Hey folks, it’s officially Mental Health Awareness Month.
So now is a great time to take an inventory of your emotions and habits to determine if you need to refocus your energy on prioritizing your mental health.
Do an internal spot check today and ask yourself:
- Has anything triggered me lately?
- Am I eating ok?
- Am I sleeping ok?
- Am I irritable or easily angered?
- Am I taking care of my finances like I’m supposed to?
- Am I overly worried or anxious?
- Am I unusually tired or fatigued?
- Have I felt sad or hopeless more than 2 days in the past week?
- Am I looking forward to the future or am I just getting by?
If you recognize that something has gone awry after running through these questions, or if you already know for sure you’re not in a good space, now’s the time to let somebody know!
In this fight to defeat the stigma of mental illness, our best weapon is our transparency.

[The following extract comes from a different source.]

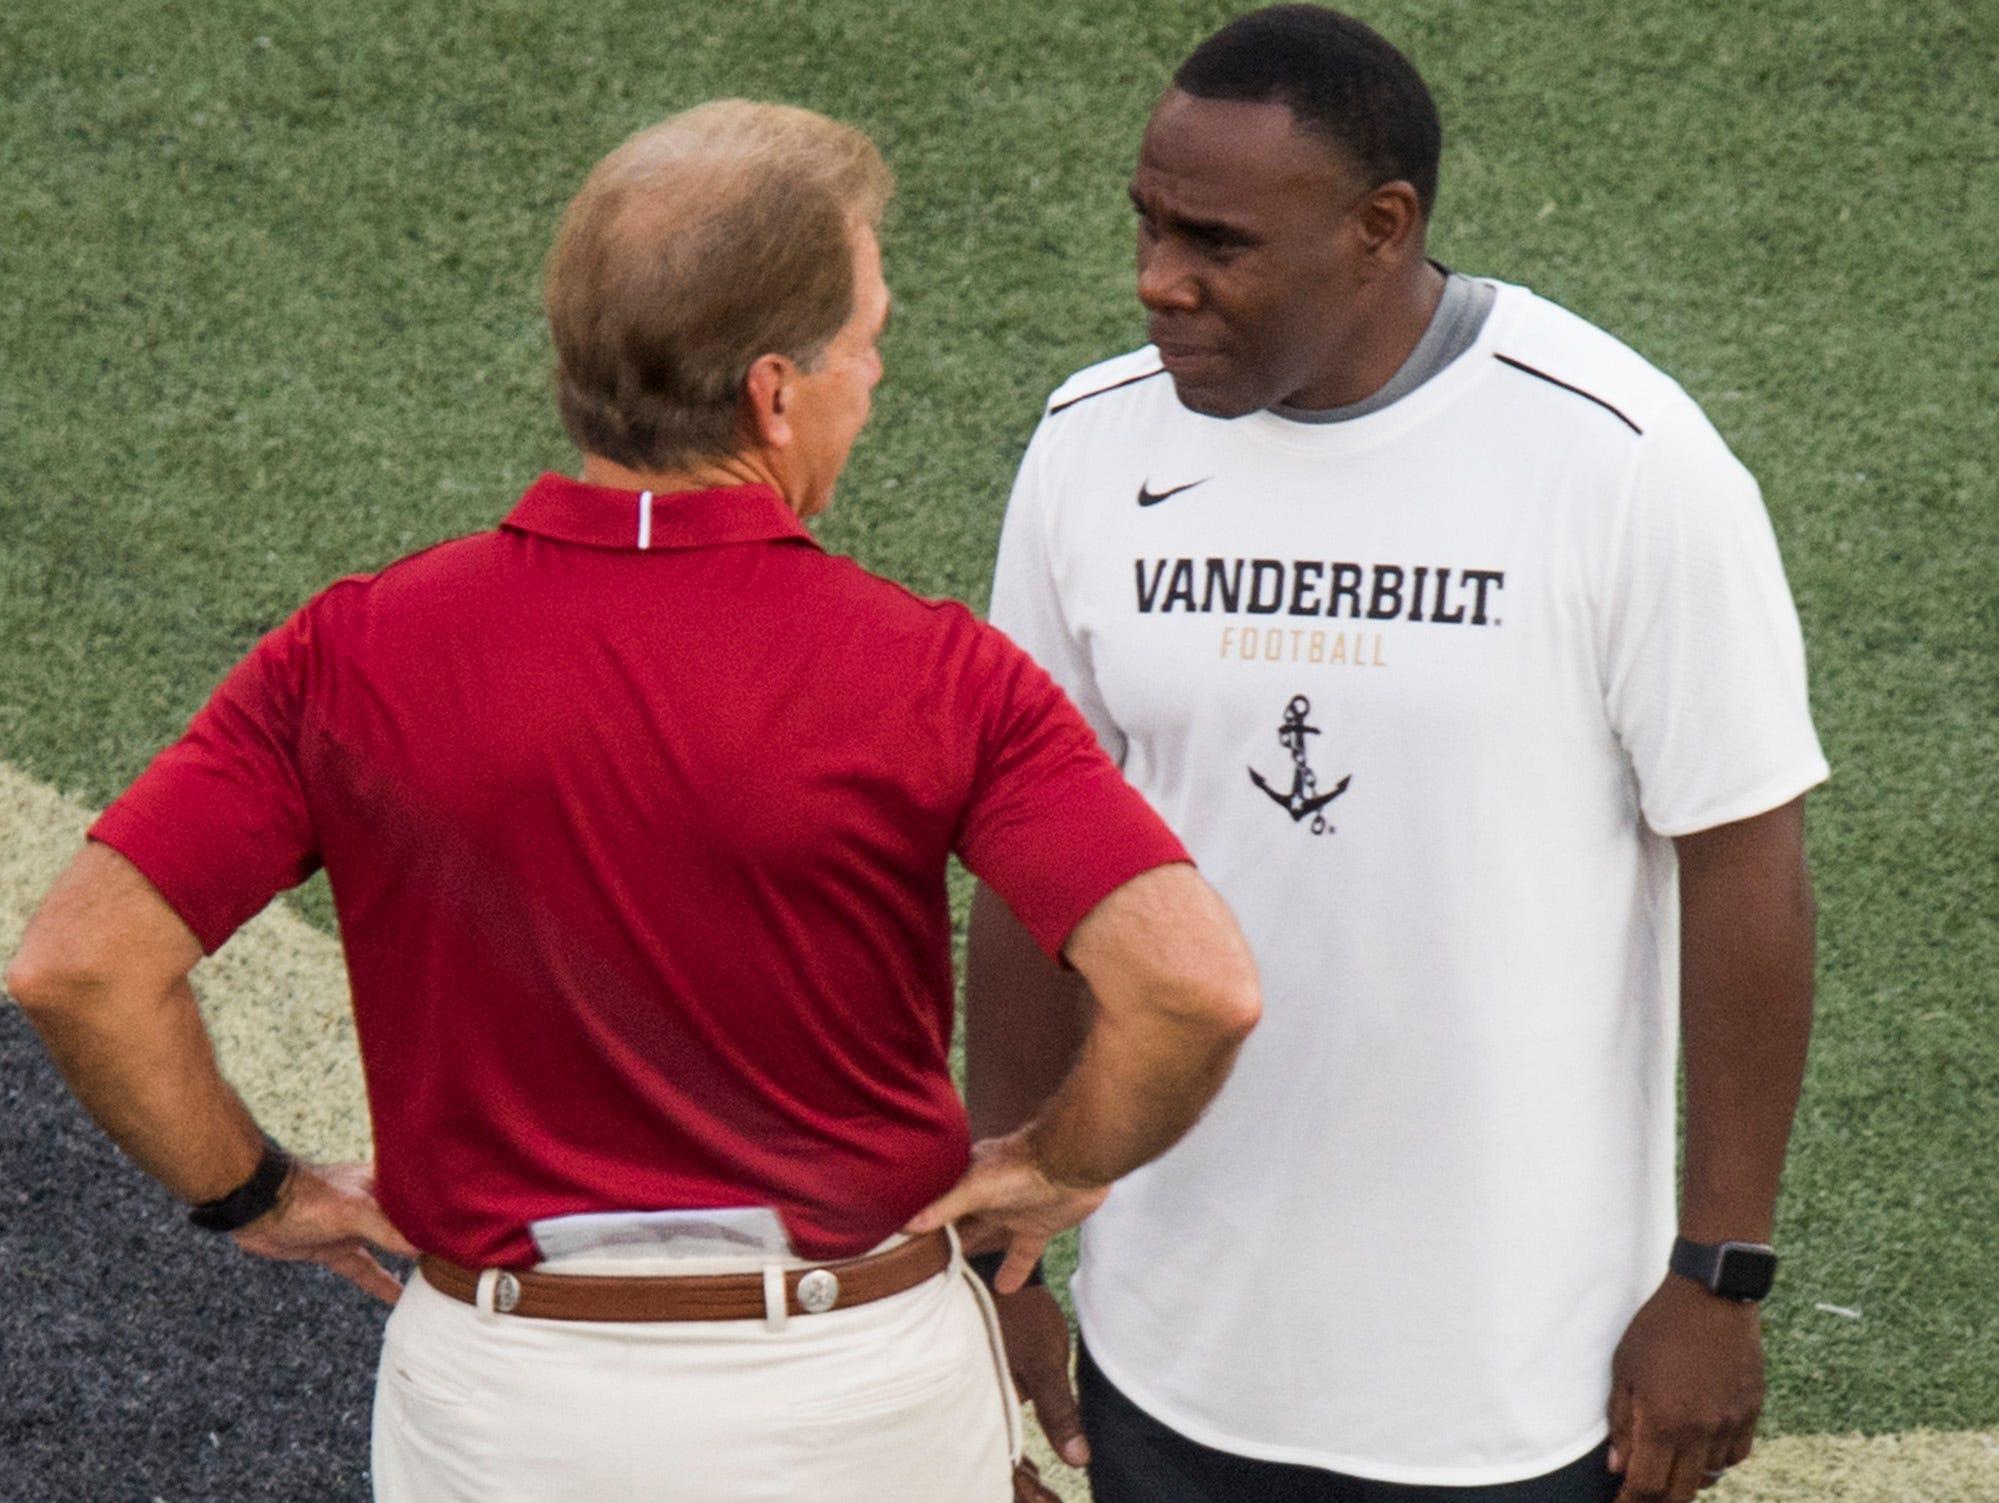 Alabama head coach Nick Saban chats with Vanderbilt head coach Derek Mason during warm ups at Vanderbilt Stadium in Nashville, Tenn. on Saturday September 23, 2017. (Mickey Welsh / Montgomery Advertiser)

I spent a very long time trying to hide in the shadows – secretly carrying shame, being in denial about the severity of my illness, and worrying about what people would think of me.
But all it did was isolate me further and worsen my pain.
It was fear of rejection that kept me from telling friends and potential partners that I spent time in the mental ward after having a major mental breakdown
I couldn’t tell anyone that I had panic attacks so severe that I called the paramedics and took myself to the ER.
I never wanted to share with anyone why I had to be sedated for almost 5 years straight to go to sleep at night or that I went through a period where I was afraid to drive alone or just leave the house period.
I couldn’t bring myself to let my friends know that I suffered from severe OCD and worried about off-the-wall things all the time.
I tried my best to be perceived as “normal,” but I eventually imploded and came dangerously close to committing suicide.
So if you’re reading this and you know you’ve been suffering in silence, I strongly urge you to speak up and tell the whole truth and nothing but the truth about what you’ve been going through.
It’s time to treat yourself with compassion.
According to the Anxiety & Depression Association of America, there are nearly 450 million people across the globe struggling with mental illness, but about two-thirds of those people never seek treatment!
And that’s because folks are either too embarrassed, too ashamed, or too far in denial to even speak about their issues.
So do yourself a favor and tell someone your story today.
You deserve to be heard, understood, and helped.
Sincerely,
Alexia
This was powerful Alexia. Thanks for being an encouragement for those who need support in the area of mental health and also sharing the power of your testimony!